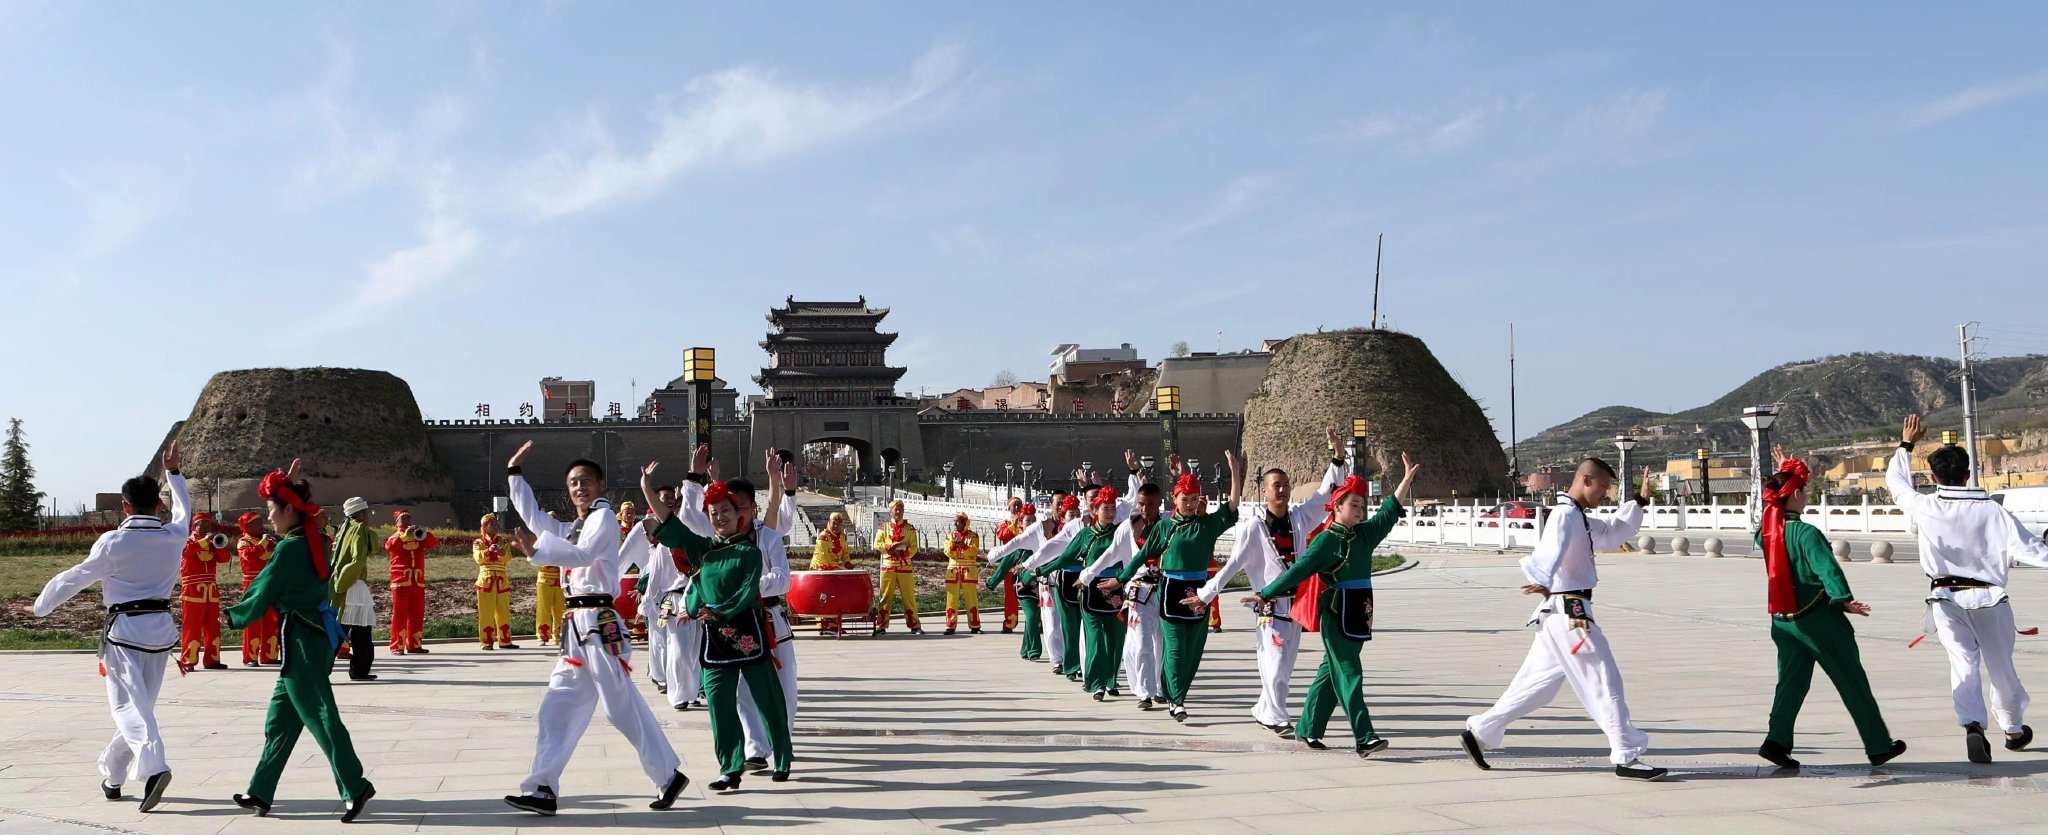 庆城秧歌队在城门广场表演陇东秧歌。（资料图）慕斌摄
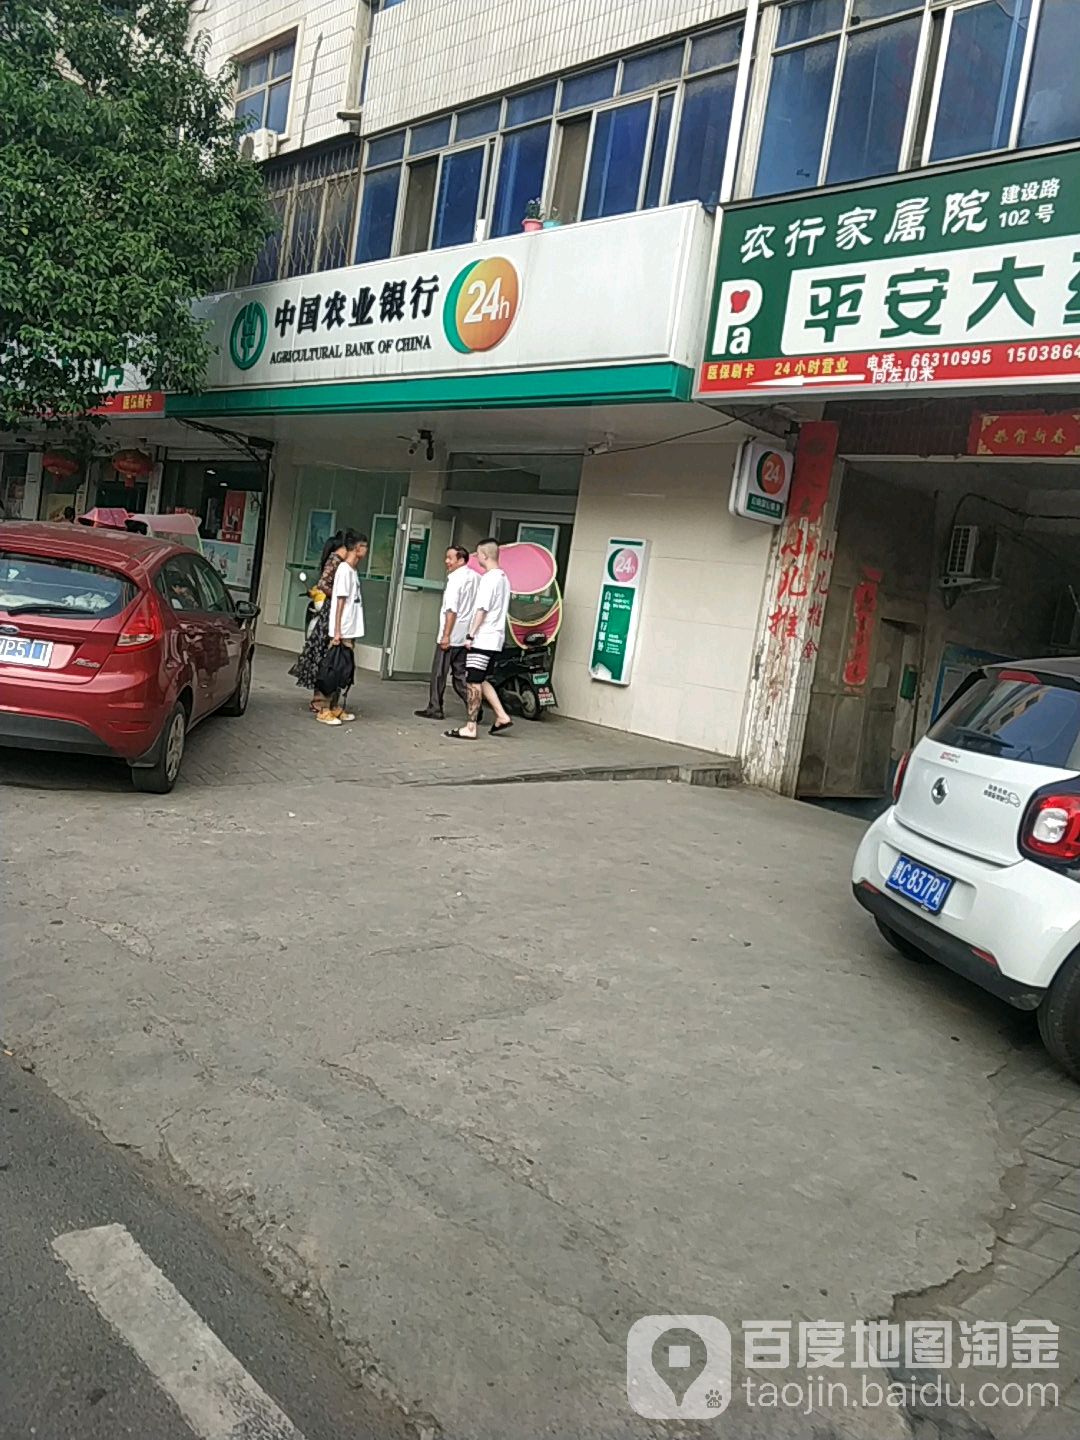 中國農業銀行24小時自助銀行服務(建設路店)
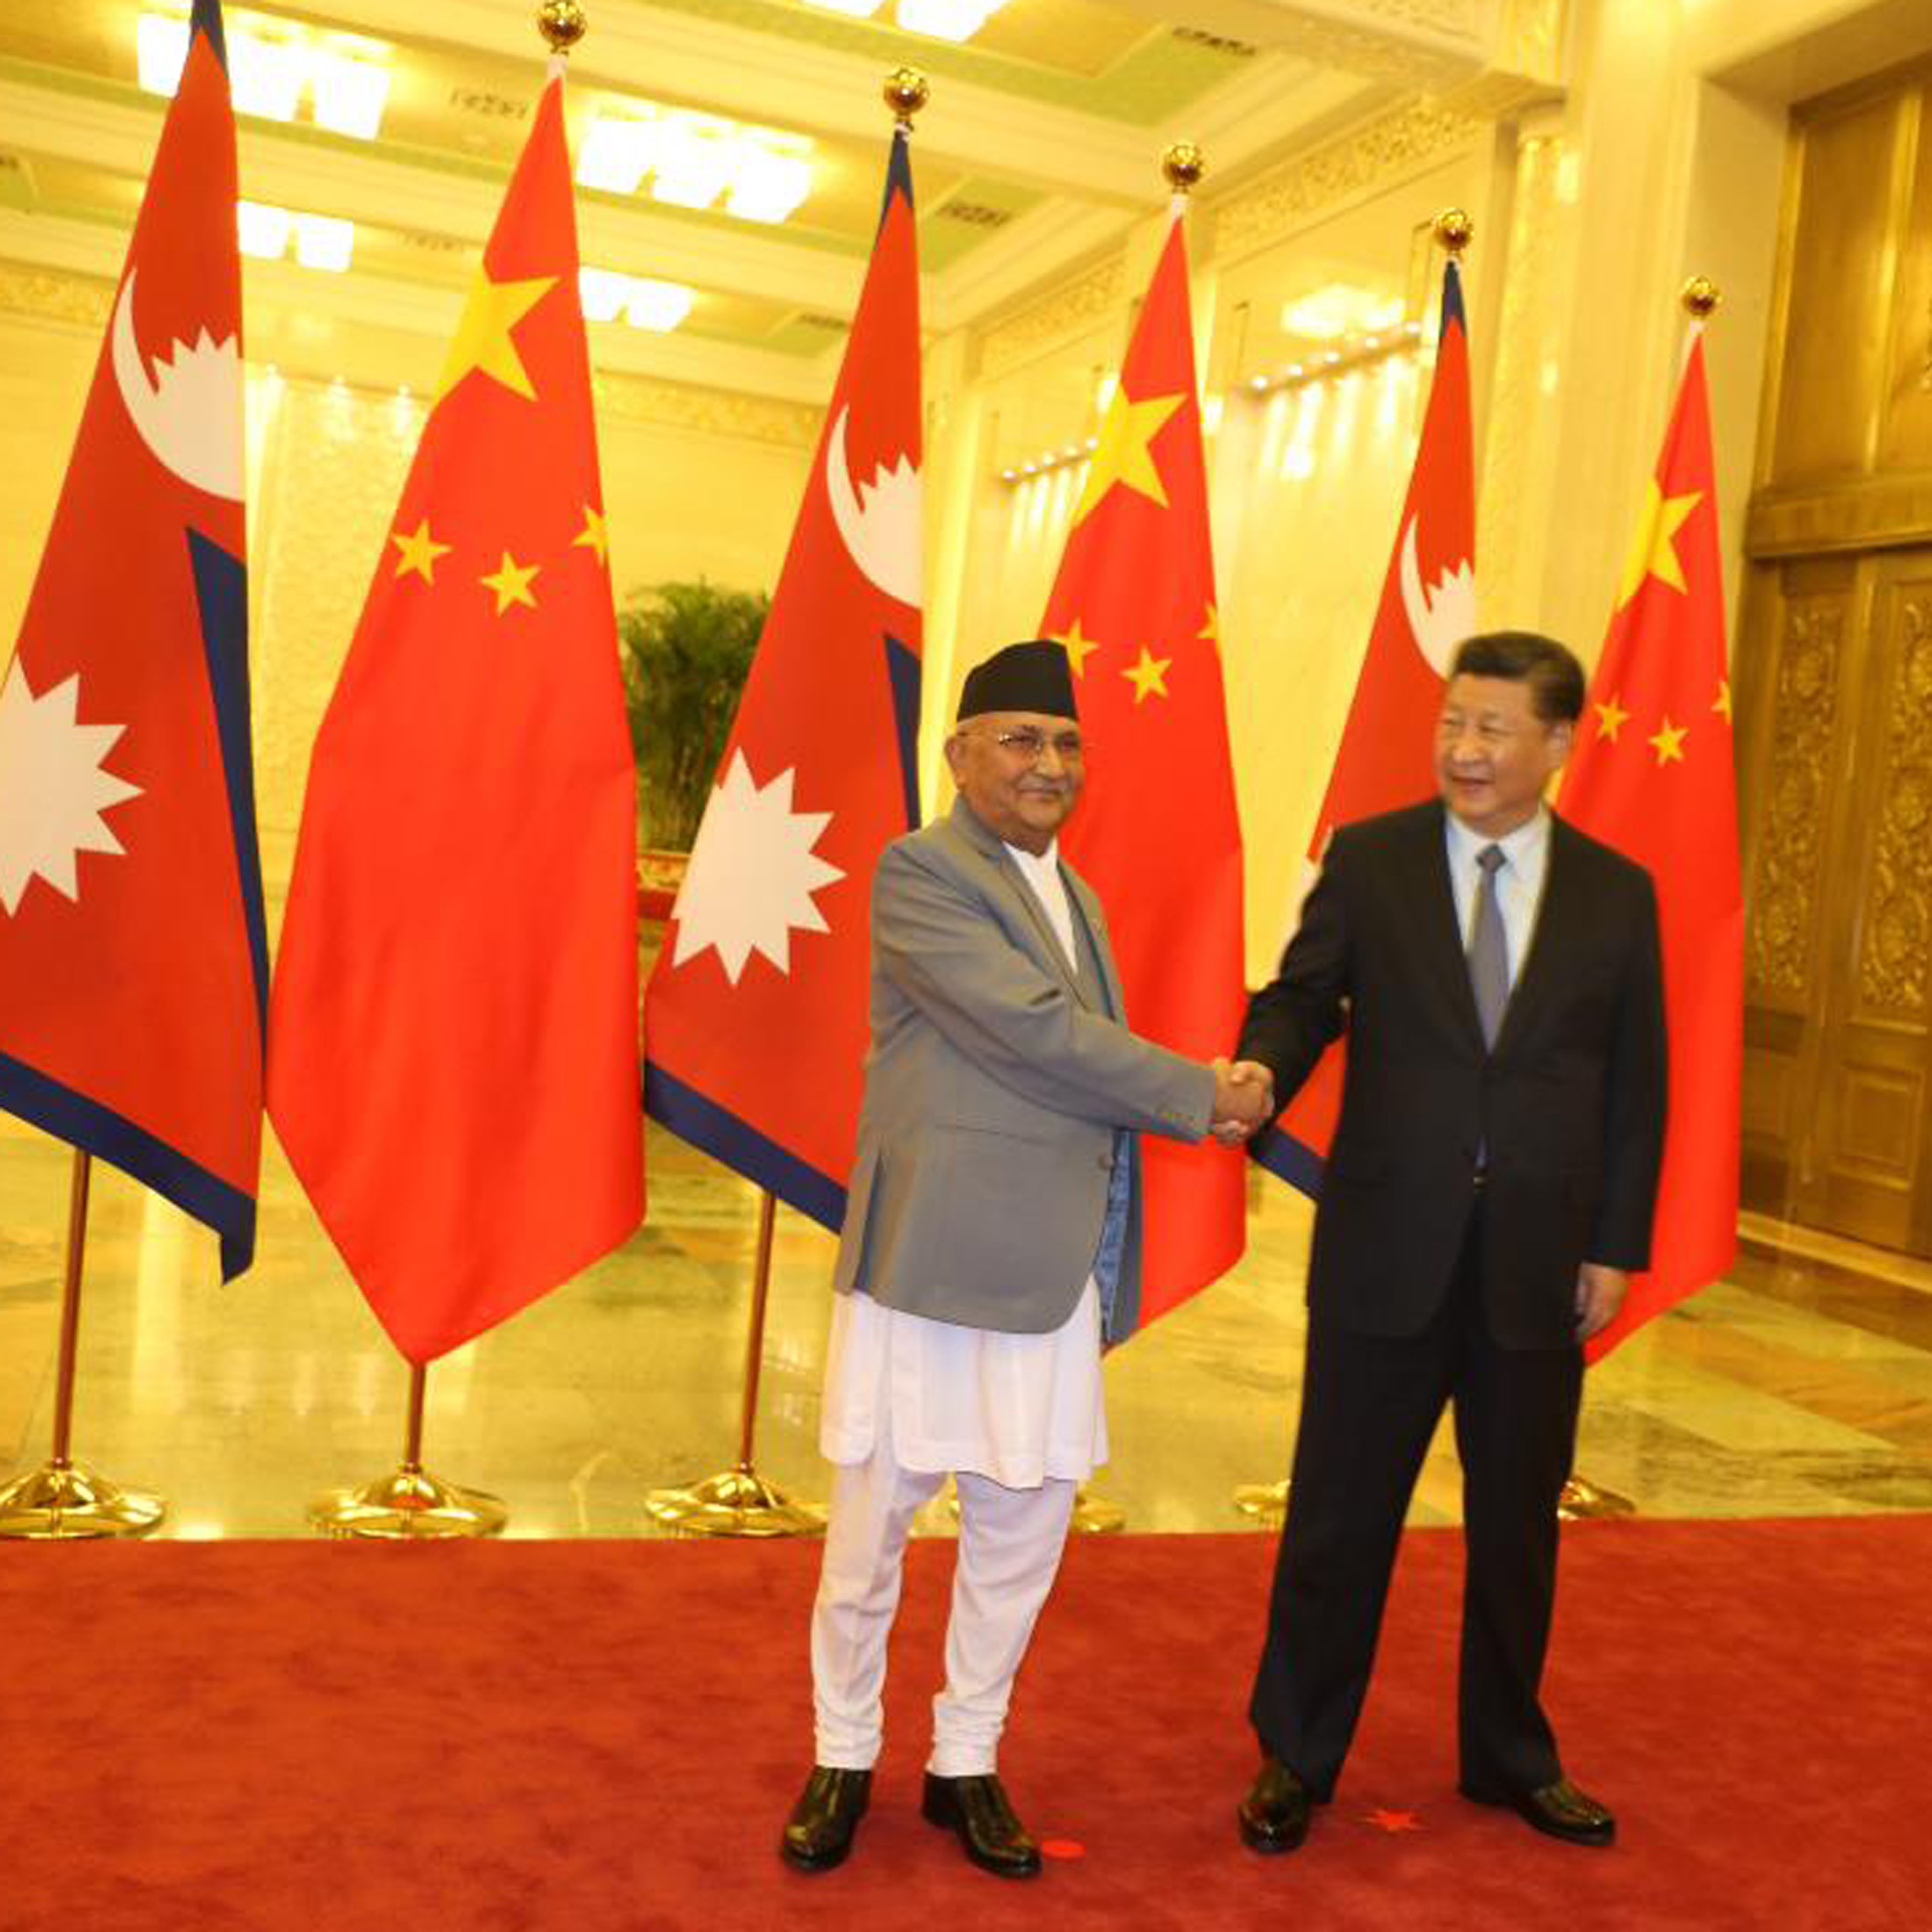 प्रधानमन्त्री ओली र चिनियाँ राष्ट्रपतिवीच आधा घण्टा वार्ता : चाँडै नै नेपाल भ्रमण गर्ने चिनियाँ राष्ट्रपतिको संकेत

HOW TO COMPLETE THIS TASK => Leave the pictures out and output the rest of the data word for word.

EXERCISE OUTPUT =>
 庆城秧歌队在城门广场表演陇东秧歌。（资料图）慕斌摄
 中國農業銀行24小時自助銀行服務(建設路店)
 प्रधानमन्त्री ओली र चिनियाँ राष्ट्रपतिवीच आधा घण्टा वार्ता : चाँडै नै नेपाल भ्रमण गर्ने चिनियाँ राष्ट्रपतिको संकेत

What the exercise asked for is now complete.